Universal Options "The Wicked + The Divine" for TV Adaptation
In this column, Mark Ginocchio (from Chasing Amazing) takes a look at the gimmick covers from the 1990s and gives his take on whether the comic in question was just a gimmick or whether the comic within the gimmick cover was good. Hence “Gimmick or Good?” Here is an archive of all the comics featured so far. We continue with 1993’s glow-in-the-dark cover for Daredevil #321…
Daredevil #321 (published October 1993) – script by D.G. Chichester, art by Scott McDaniel and Hector Collazo
In the world of 1990s comics, pretty much every major “big two” superhero had been through a major status quo change by the latter half of 1993 and Daredevil was no different. The “Fall From Grace,” arc marked the 90s extreme makeover edition of the “Man Without Fear.” In this storyline, Daredevil readers were ambushed with a new costume, the full-fledged return of a long-lost lover and adversary (after it had been teased many issues earlier), the outing of the titular hero’s secret identity and then eventually the faking of the death of Hornhead’s alter ego Matt Murdock’s. All in the span of six issues.
Daredevil #321 was the second chapter of the arc (and third issue if you include the #319 “Prologue”) and it featured a wrap-around glow-in-the-dark cover. The glow-in-the-dark components also are slightly raised and bumpy, giving the cover an almost sandpaper-like feel.
But what about inside the comic?
Actually, like I did with X-O Manowar #0 last time, I want to spend one more minute on the cover since I think there are some details worth mentioning as it pertains to the story. What’s actually pretty cool about this cover is the glow-in-the-dark affect projects Daredevil’s “radar” senses perspective while blacking out the villain Hellspawn. This is significant since Daredevil was unable to use his radar senses to track Hellspawn throughout this issue. So, in a total change-of-pace from other gimmick covers from the era, this one actually ties-in to a major plot point.
Unfortunately, the cover may be the most creatively designed element to this comic. Daredevil #321 functions as a snapshot for a lot of the things that frustrated readers during the early 1990s. First, there’s the big costume change, where Daredevil ditched the all-red attire for a red, grey and white get-up made of biomimetic materials, along with shoulder pads and other protective appendages. There’s nothing offensive about the new costume, but there doesn’t seem to be any real reason for such a dramatic change. Sure, Daredevil got his threads tattered an issue earlier, but why after years in his classic red suit does he need all of this new technology and padding?

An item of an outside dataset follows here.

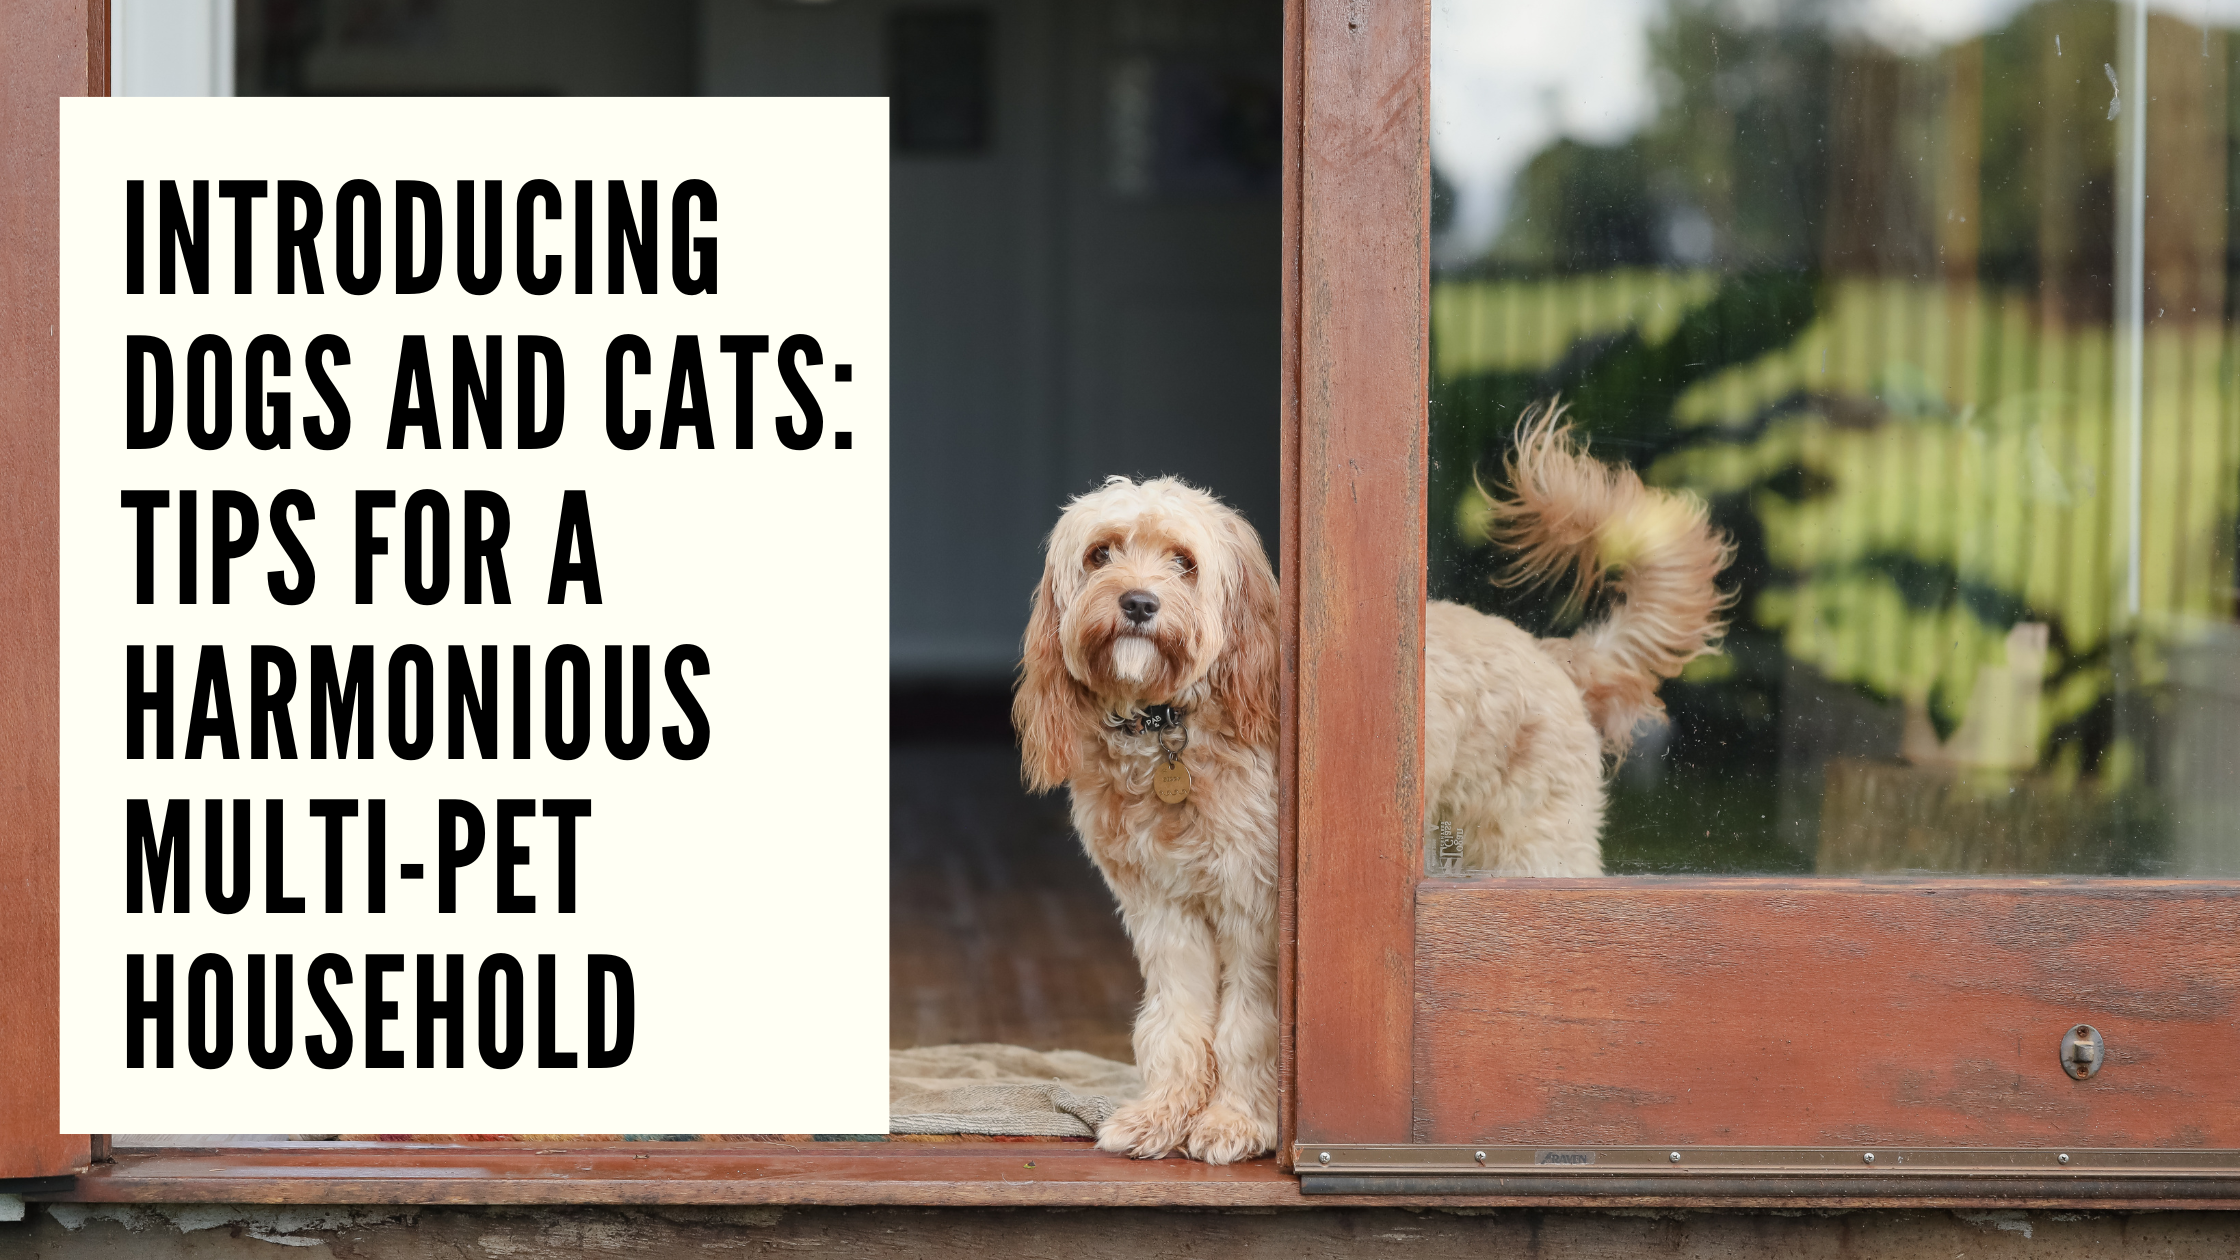 Introducing Dogs and Cats Tips for a Harmonious Multi-Pet Household

It just comes across as forcing readers to “pay attention” since the events of the arc are going to be “important.”
Then there’s the comic’s villain, Hellspawn, who was Daredevil’s doppelganger produced during another early 90s gimmick, “Infinity War.” I’m yet to find a storyline where one of these dopplegangers was used in a positively memorable way. Speaking as a Spider-Man fan, I know his doppelganger was a groan-inducing character during “Maximum Carnage.” My biggest issue with Hellspawn is the character’s voice. All of these Marvel dopplegangers seem to have pretty weak genes and Hellspawn’s dialogue, filled with “dees” and other incoherencies, is a bear to read. It grinds things to a halt as I’m trying to figure out exactly what this thing is trying to say. I understand in the world of comics there’s a range of characters, personalities and dialects but there’s an unmistakable difference between Gambit’s creole and Hellspawn’s gibberish.

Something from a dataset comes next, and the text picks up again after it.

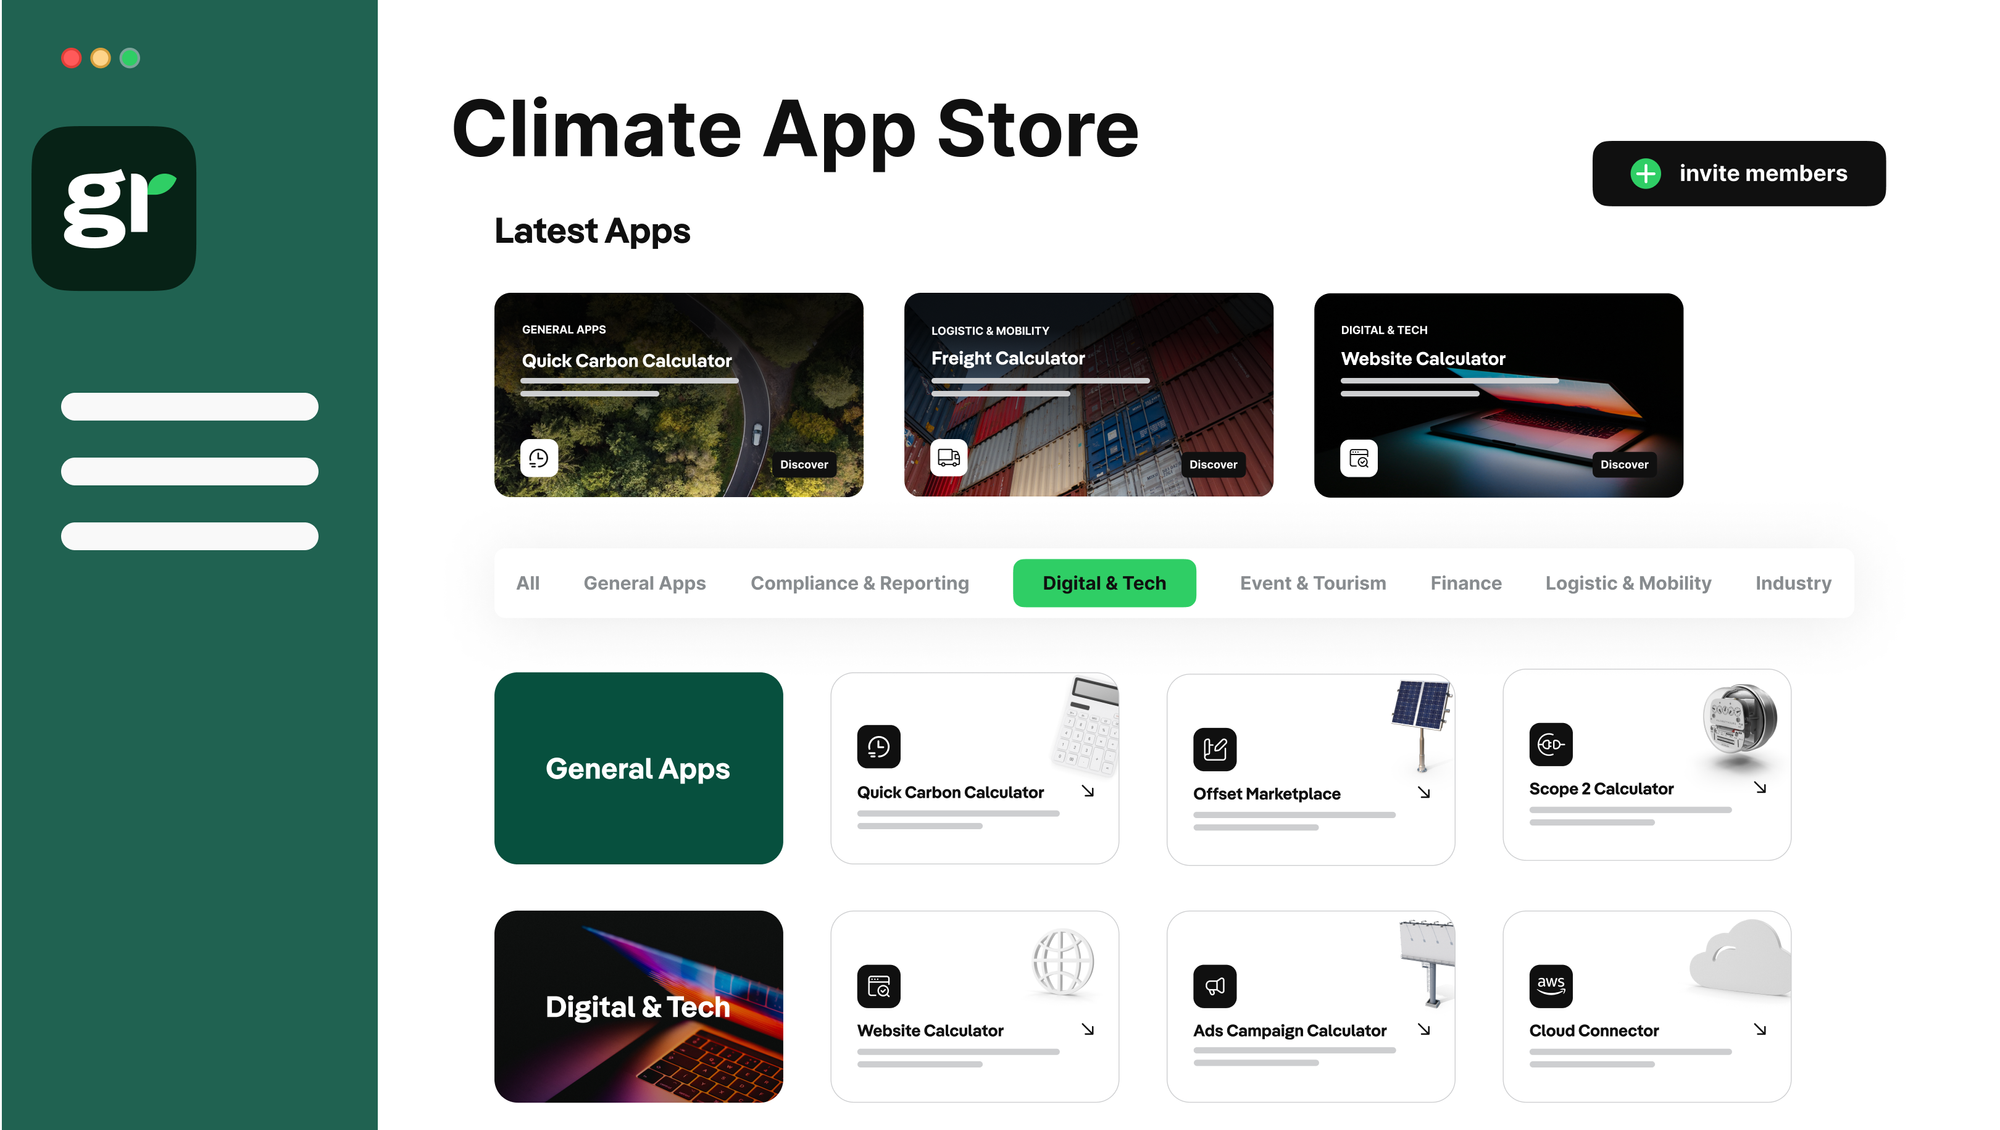 Greenly Climate App Store page with a featured section of Latest Apps including a Quick Carbon Calculator, Freight Calculator, and Website Calculator. Below that are different categories of apps.

In the midst of all this there’s a somewhat convoluted storyline about a pathogen dubbed the “About Face virus,” which can alter a person’s body to their wishes. The man behind this is Gen. Henry Kenkoy, a former U.S. Department of Defense guy who wanted to use the general public as guinea pigs for the virus. After a failed experiment, Kenkoy killed off his entire team except for a lone telepath Eddie Passim, who knows where the last remaining vial of the virus exists. So Kenkoy and Passim are looking for each other, and Daredevil is looking for both, and somehow there’s a shot of Elektra’s sai suggesting that SHE’S in the middle of all this …

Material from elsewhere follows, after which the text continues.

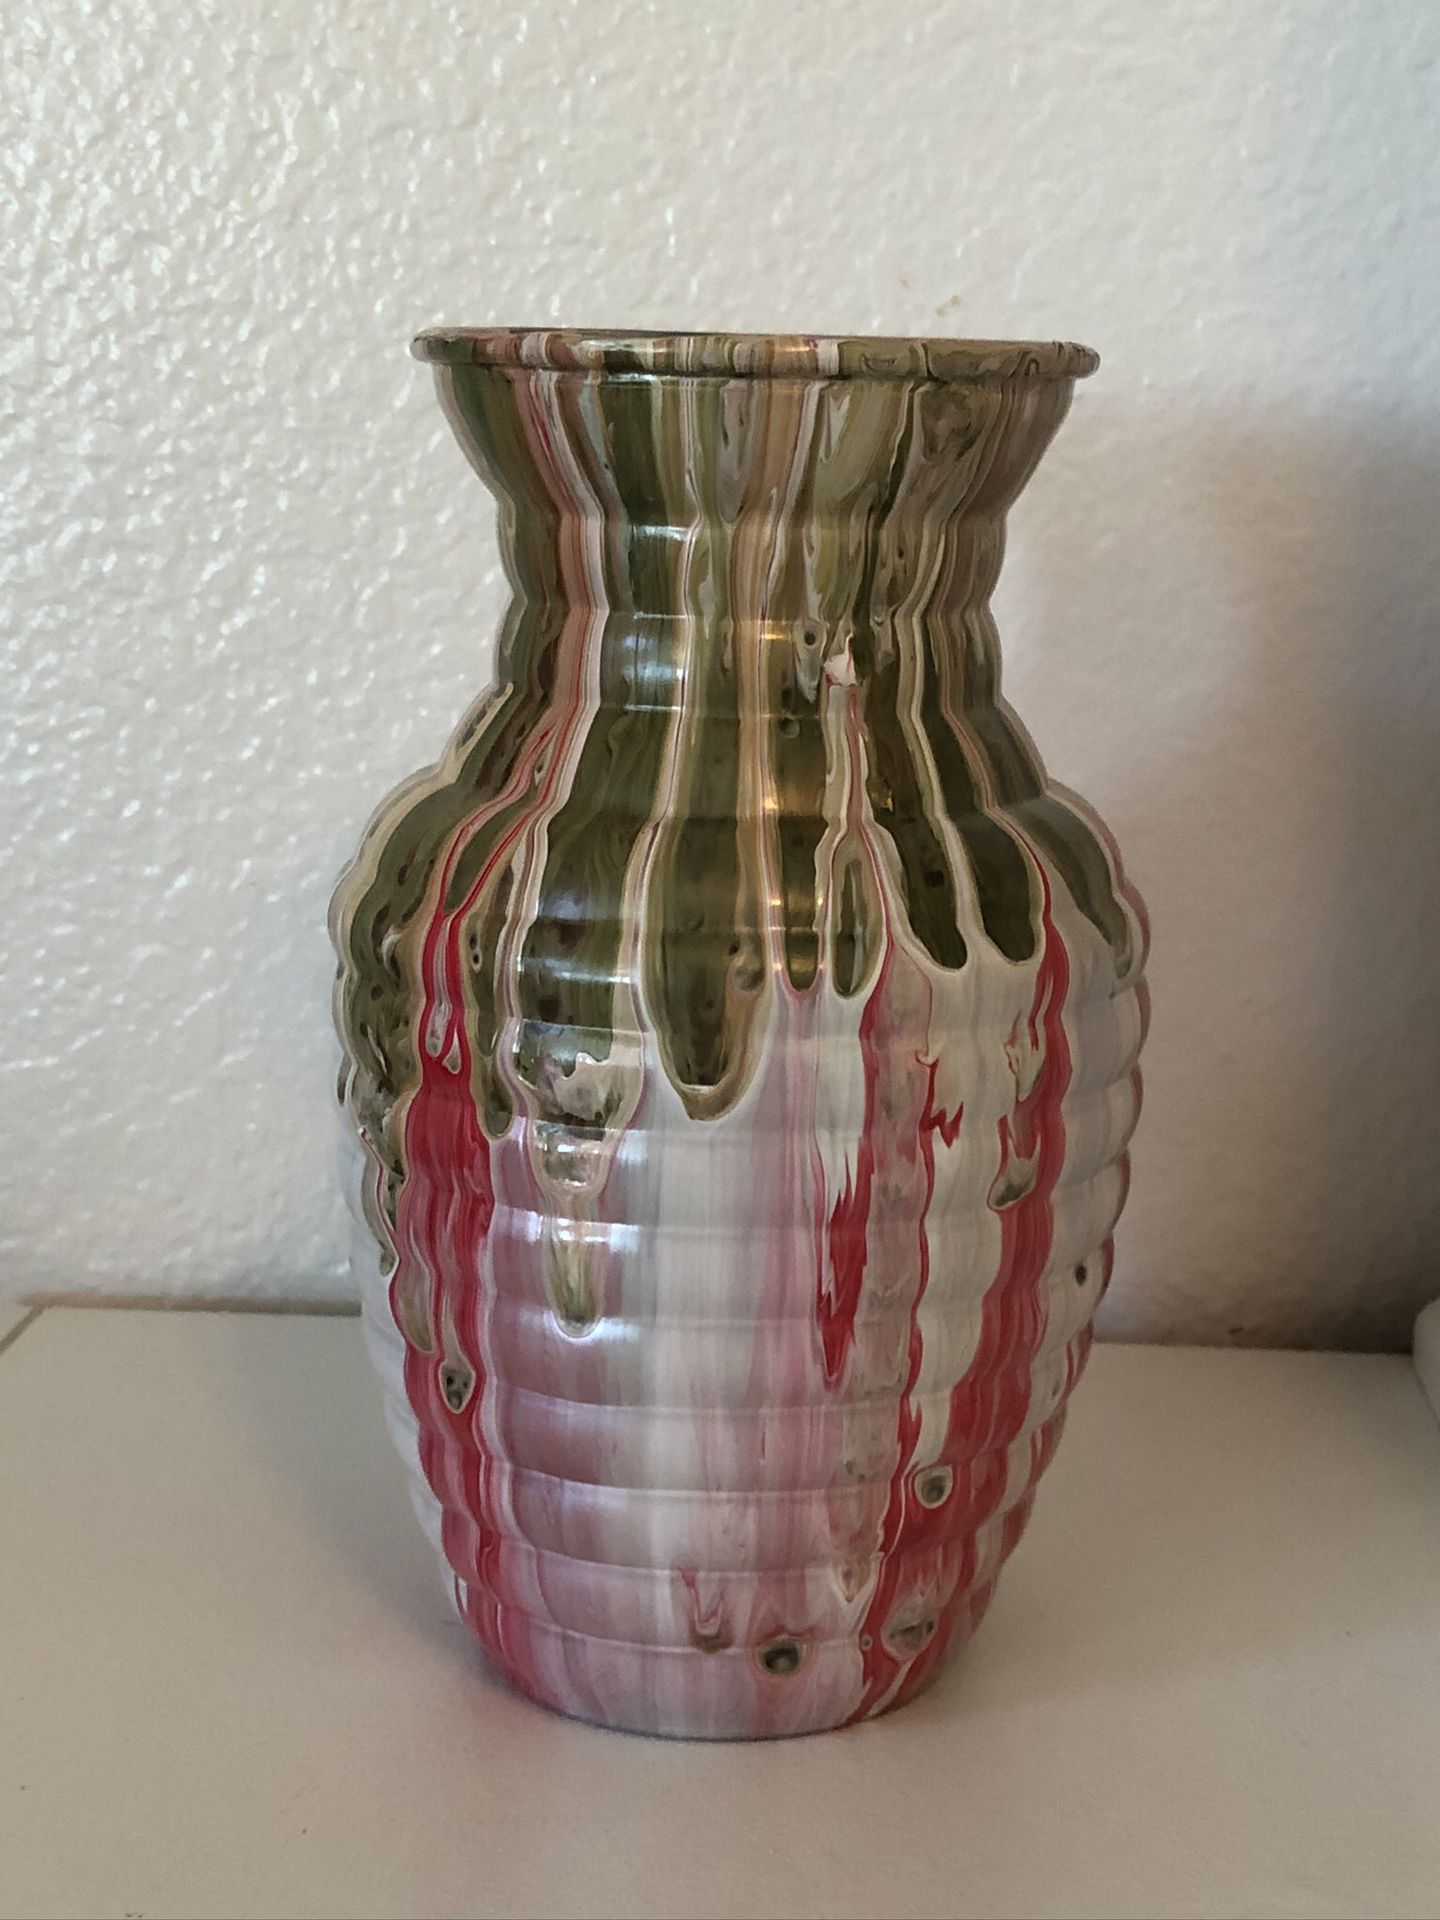 New Glass Acrylic Painted Vase: 8” Tall

If this next statement makes me sound too ignorant here I apologize but this is all WAY too complicated. You want to know why (in my opinion at least) Frank Miller’s first run on Daredevil is so celebrated? Because while completely reimaging the character and adding a ton of new layers to his characterization, he managed to keep the primary plot points very simple and straightforward. When reading those comics, at no point am I sitting there trying to figure out who knows who, what happened when, who’s a telepath and who has somebody’s “essence.” Daredevil #321 moves rapid fire between all of these characters without letting anything maturate. There’s a Nick Fury cameo at the end and even VENOM is shoehorned into this thing at one point (presumably because the Venom: Lethal Protector series had just been launched).
I shouldn’t need an index to track down every character and plot point mentioned in a single issue of a comic book. It makes Chichester’s script very frustrating to read and I think the ADD-nature of the comic doesn’t do McDaniel’s pencils any favors either, as the composition for a lot of his characters look rushed and slapdashed. In other words, just another early 90s comic from the “House of Ideas.”